2.4 Do I need any other packages to run LAMMPS?If you want to run LAMMPS in parallel across multiple compute nodes, you need to have MPI installed on your machine. Commonly used Open Source implmentations are MPICH and OpenMPI.
2.5 What about older versions of LAMMPS?The current LAMMPS is written in C++. Older versions of LAMMPS were written in F90 (LAMMPS 2001) and F77 (LAMMPS 99). A summary of their features is listed here. The Fortran versions do not have all the features of the C++ version, nor is any further development planned for them, other than bug fixes. But if you prefer working in Fortran, the older versions are available from the download page.
2.6 Is the current LAMMPS (C++) as fast as the old ones (F90, F77)?Good question. In general, yes. Although there is a bit of variation across machines and compilers, I have rarely seen a difference of more than 5-10% in performance between the current LAMMPS version (C++) and the older versions (F90, F77). Sometimes the C++ version is a bit faster; sometimes a bit slower. This is not surprising since the C++ routines that do the serious computations in LAMMPS are written in a simple C-like style, using data structures that are nearly equivalent to Fortran arrays. This was done to try and avoid any performance hits.
For metals simulations with EAM potentials, LAMMPS is faster than a predecessor parallel MD code ParaDyn. This is because the force computation and neighbor list building is implemented in a different way, and hence the one-processor timing is 2-4x faster.
LAMMPS reads commands from standard input, so if all you see is the LAMMPS version number, it is probably waiting for input. You could type in commands but that would be tedious. You need to put commands in a text file or input script like in.lj and run LAMMPS like this:
lmp_linux < in.lj
This is explained in the Run doc pages.
3.2 LAMMPS doesn't get the same answer when run on different numbers of processors or on different machines.In theory you should get identical answers on any number of processors and on any machine. In practice, numerical round-off can cause slight differences and eventual divergence of molecular dynamics phase space trajectories. This is discussed in more detail on the Errors common doc page.
3.3 I wish LAMMPS had feature X.LAMMPS is designed to be easy to modify and extend. The Modify doc pages explain how to go about adding your own new capabilities.
Finally, you can send mail to the developers with your idea.
3.4 I found a bug in LAMMPS.See the Errors bugs doc page for information about how to report bugs.

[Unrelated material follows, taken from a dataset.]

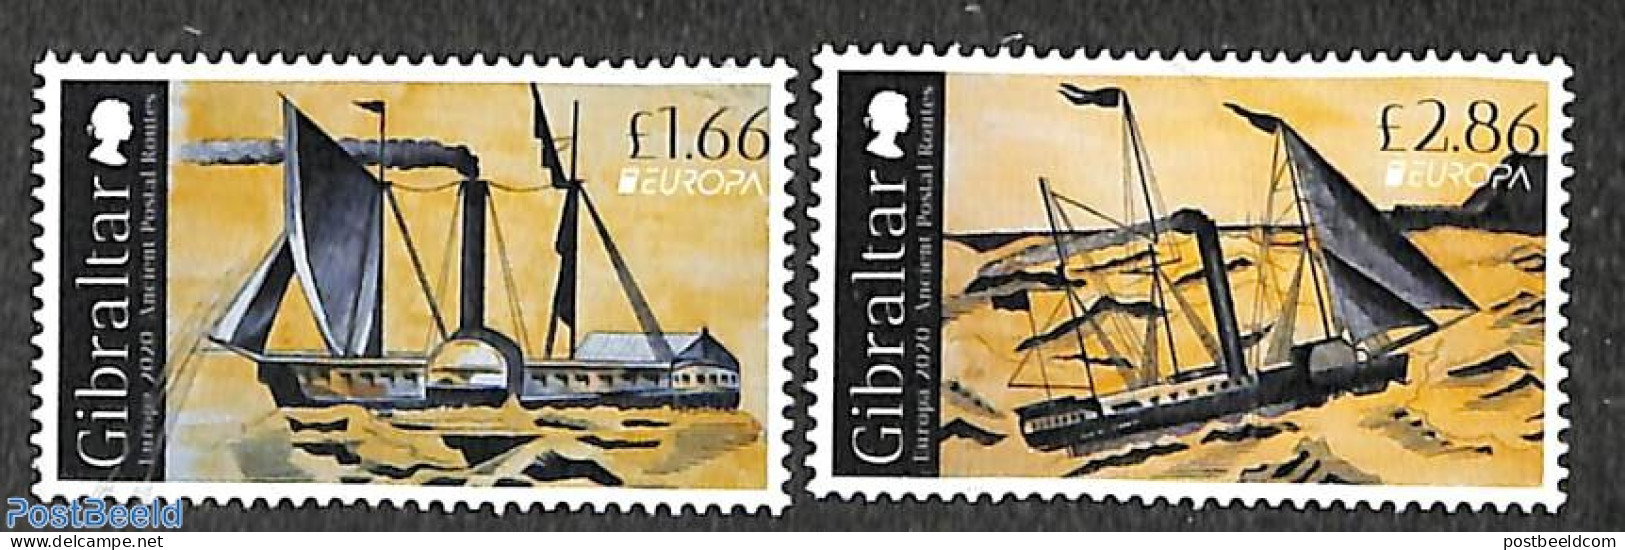 Gibraltar 2020 Europa, Old Postal Roads 2v, Mint NH, History - Transport - Europa (cept) - Post - Ships And Boats - Posta

3.5 My scripts from older versions of LAMMPS don't run anymore.As new features are added we occasionally change the syntax of commands, so that an old version may no longer work. You should get an error, not a silent bad result. These kinds of changes are documented on the bug and new feature page with a BACKWARD COMPATIBILITY note.
LAMMPS is an open-source code licensed under the GNU Public License (GPL), so you can do anything you wish with it, so long as any code you distribute (LAMMPS itself, a modified version of LAMMPS, your own code that contains portions of LAMMPS) remains open-source. Distributed code should also retain the GPL license notice and copyright information that appears in LAMMPS source files.
The open source philosophy is discussed on this page.
4.2 What if I modify or enhance LAMMPS?You're free to do so, and in fact, encouraged to do so. As this page discusses, if your enhancement is of general utility, you can send it to me for inclusion in future versions of the code.
4.3 What if I write a paper using LAMMPS results?Please cite the paper that describes LAMMPS and include a pointer to the LAMMPS website. Details are explained on this page.
If your paper has an interesting image or movie associated with the simulations, you can send it to the developers and we can post it on the LAMMPS website on the Pictures or Movies pages.